§ TASK DESCRIPTION: Repeat, exactly and in full, the lines of the listing below, but without any pictures.

§ GIVEN MATERIAL:

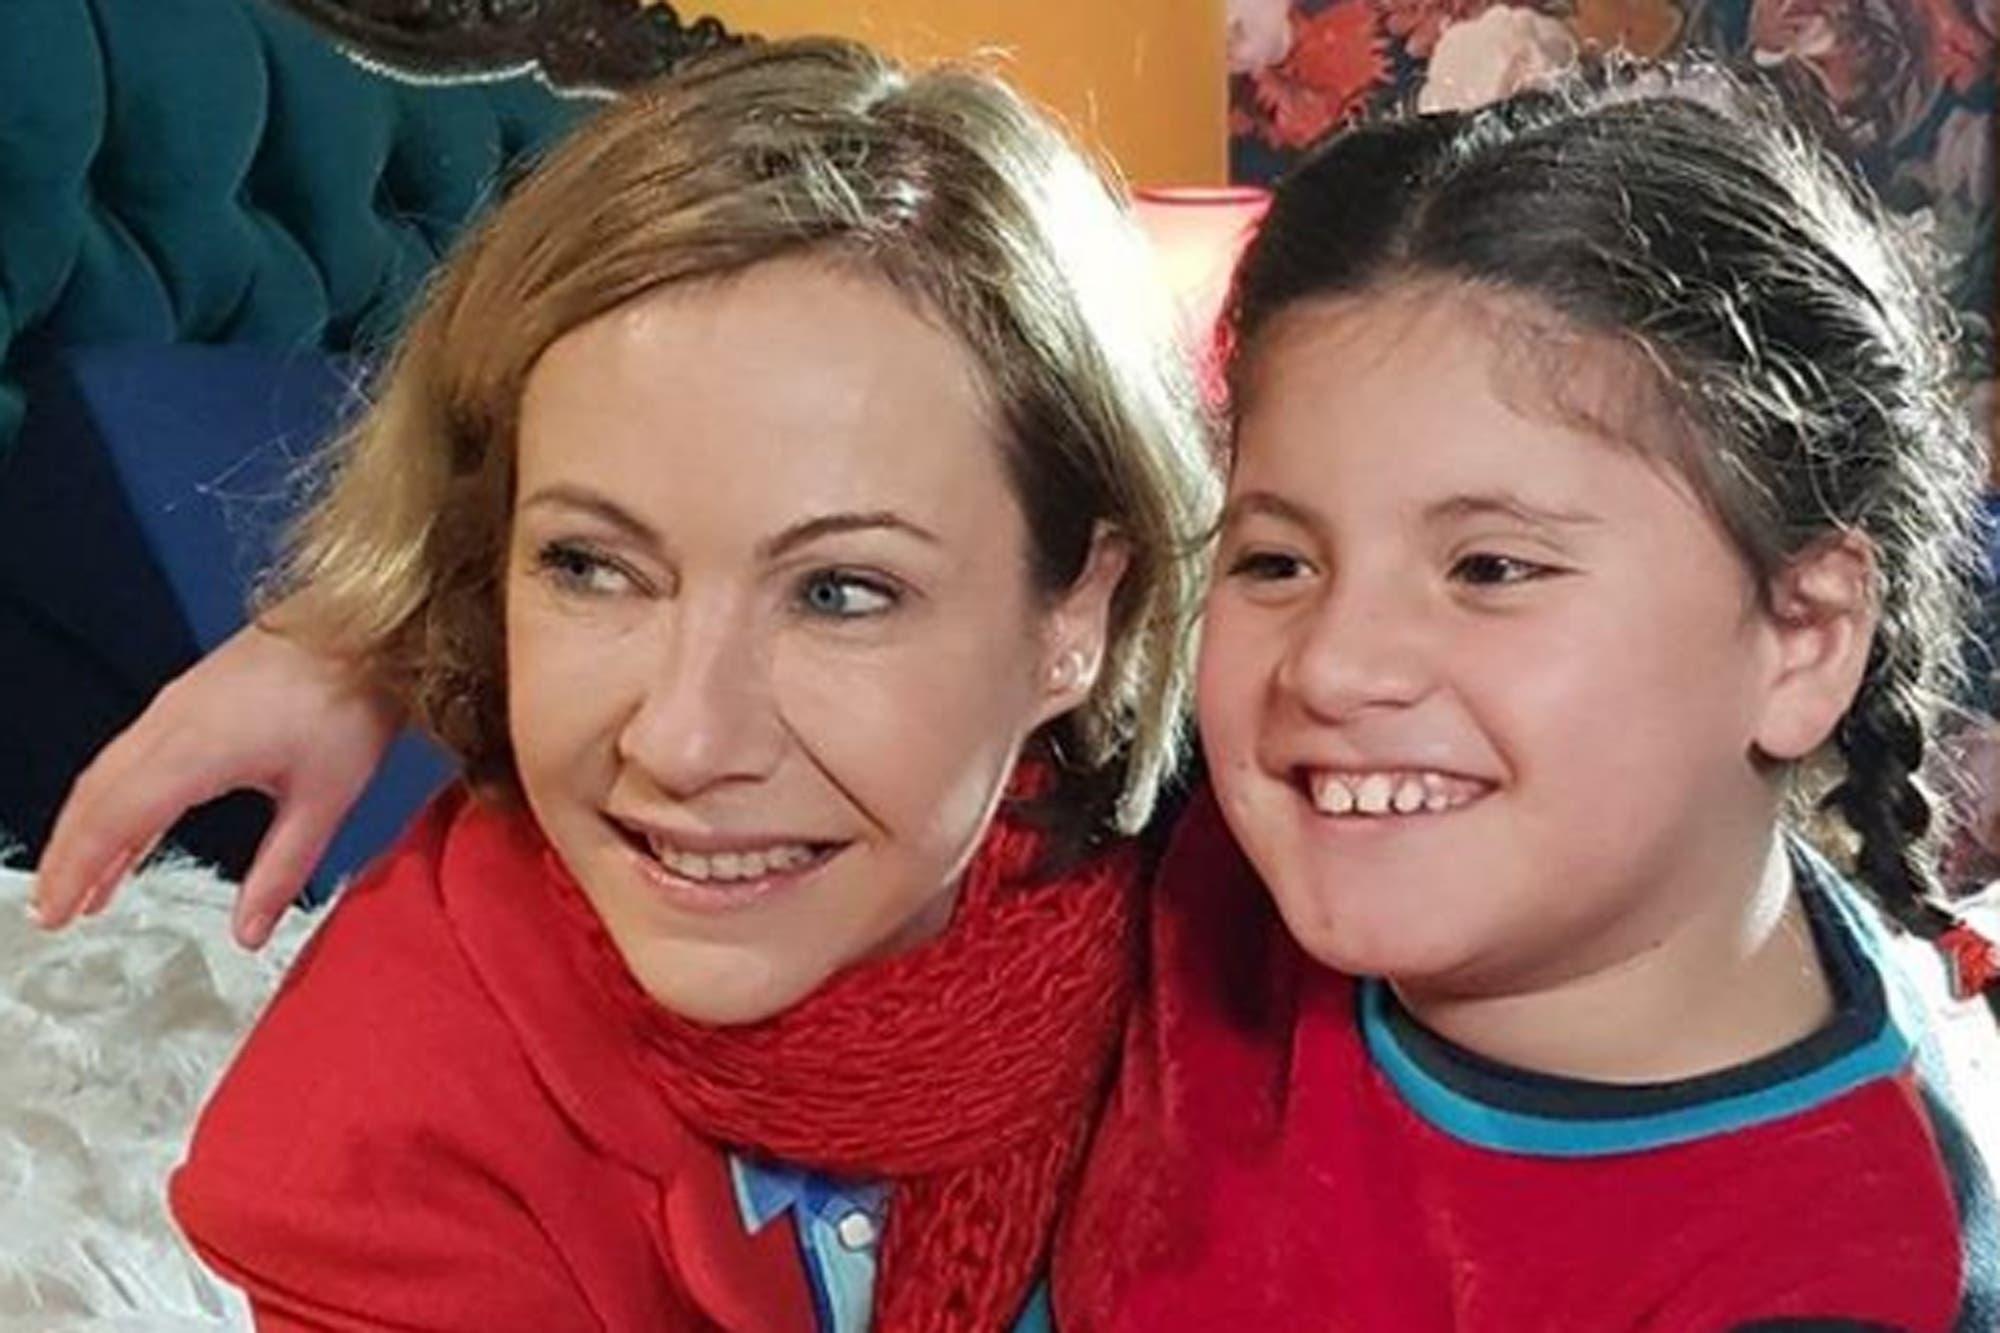 El emotivo saludo de Inés Estévez a su hija Vida en su cumpleaños
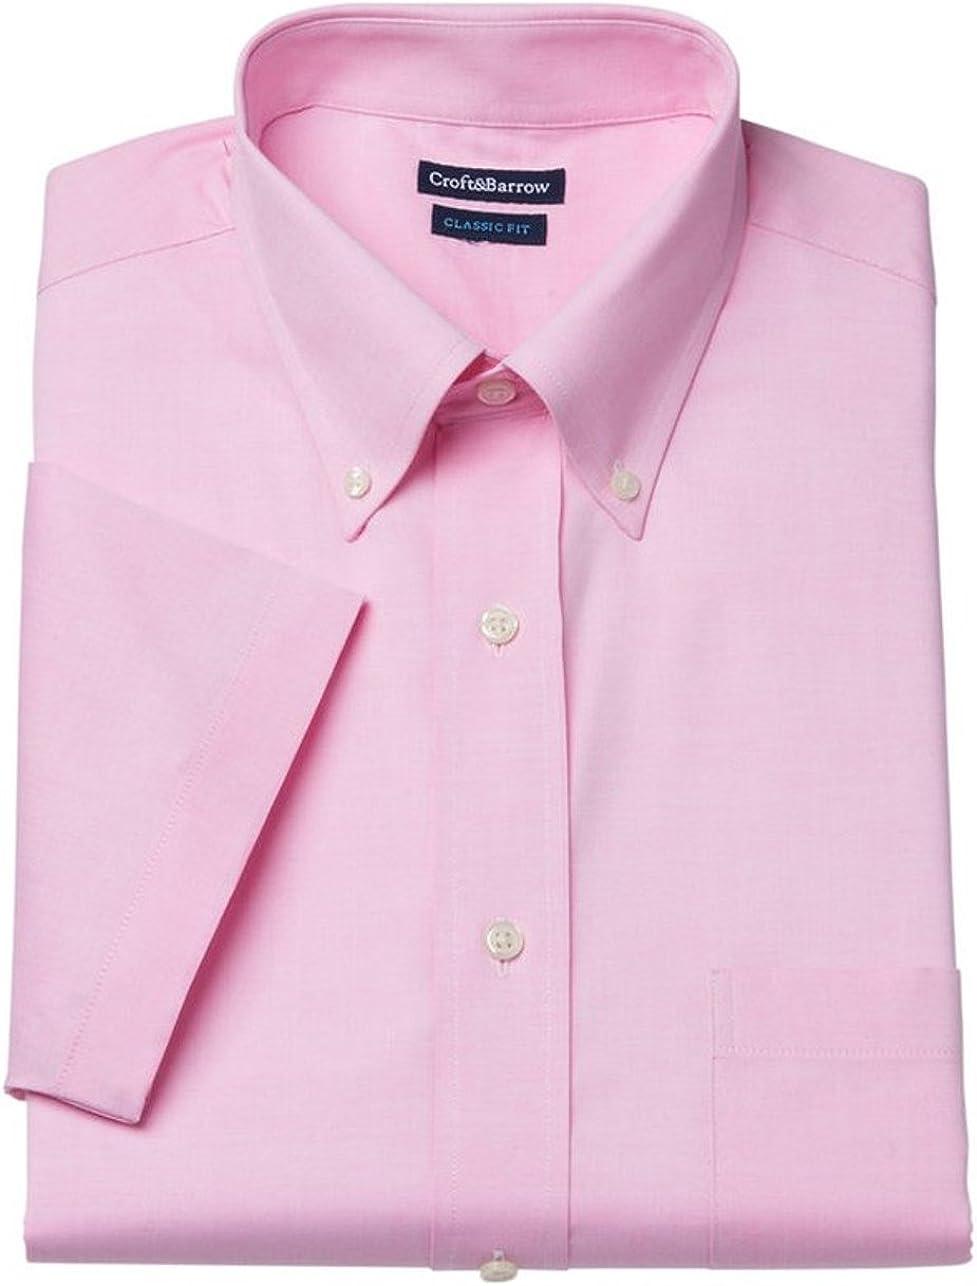 Croft & Barrow Mens Classic Fit Button Down Short Sleeve Dress Shirt Pink
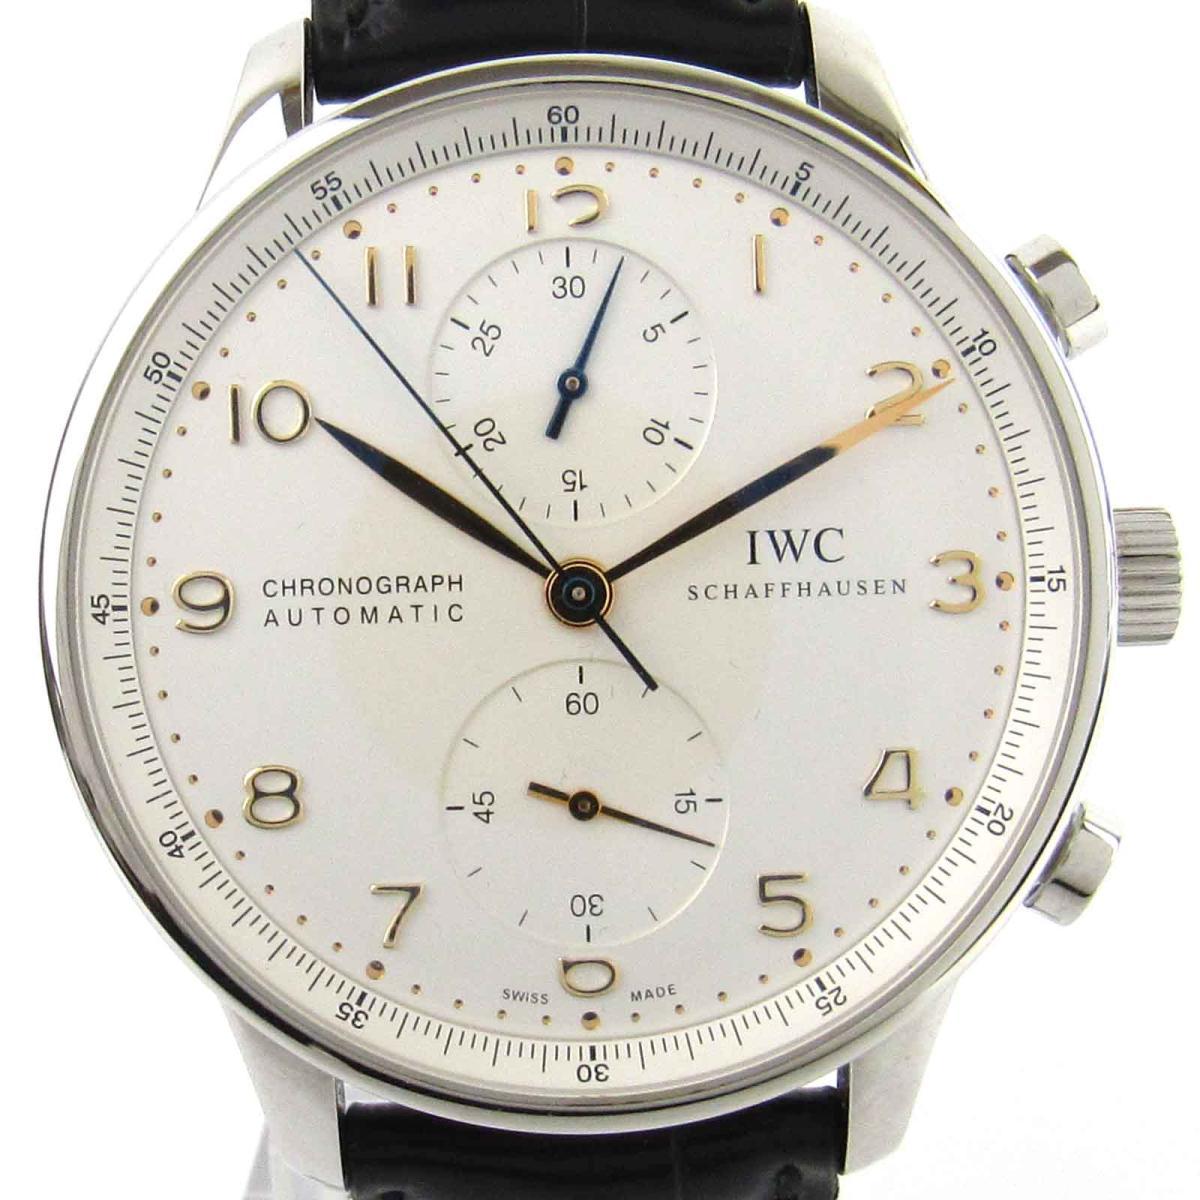 【中古】 インターナショナル・ウォッチ・カンパニー ポルトギーゼ クロノグラフ ウォッチ 腕時計 メンズ ステンレススチール (SS) x レザーベルト (IW371445) | IWC オートマチック 自動巻き 時計 ポルトギーゼ クロノグラフ 美品 ブランドオフ

§ RESULT:
 El emotivo saludo de Inés Estévez a su hija Vida en su cumpleaños
 Croft & Barrow Mens Classic Fit Button Down Short Sleeve Dress Shirt Pink
 【中古】 インターナショナル・ウォッチ・カンパニー ポルトギーゼ クロノグラフ ウォッチ 腕時計 メンズ ステンレススチール (SS) x レザーベルト (IW371445) | IWC オートマチック 自動巻き 時計 ポルトギーゼ クロノグラフ 美品 ブランドオフ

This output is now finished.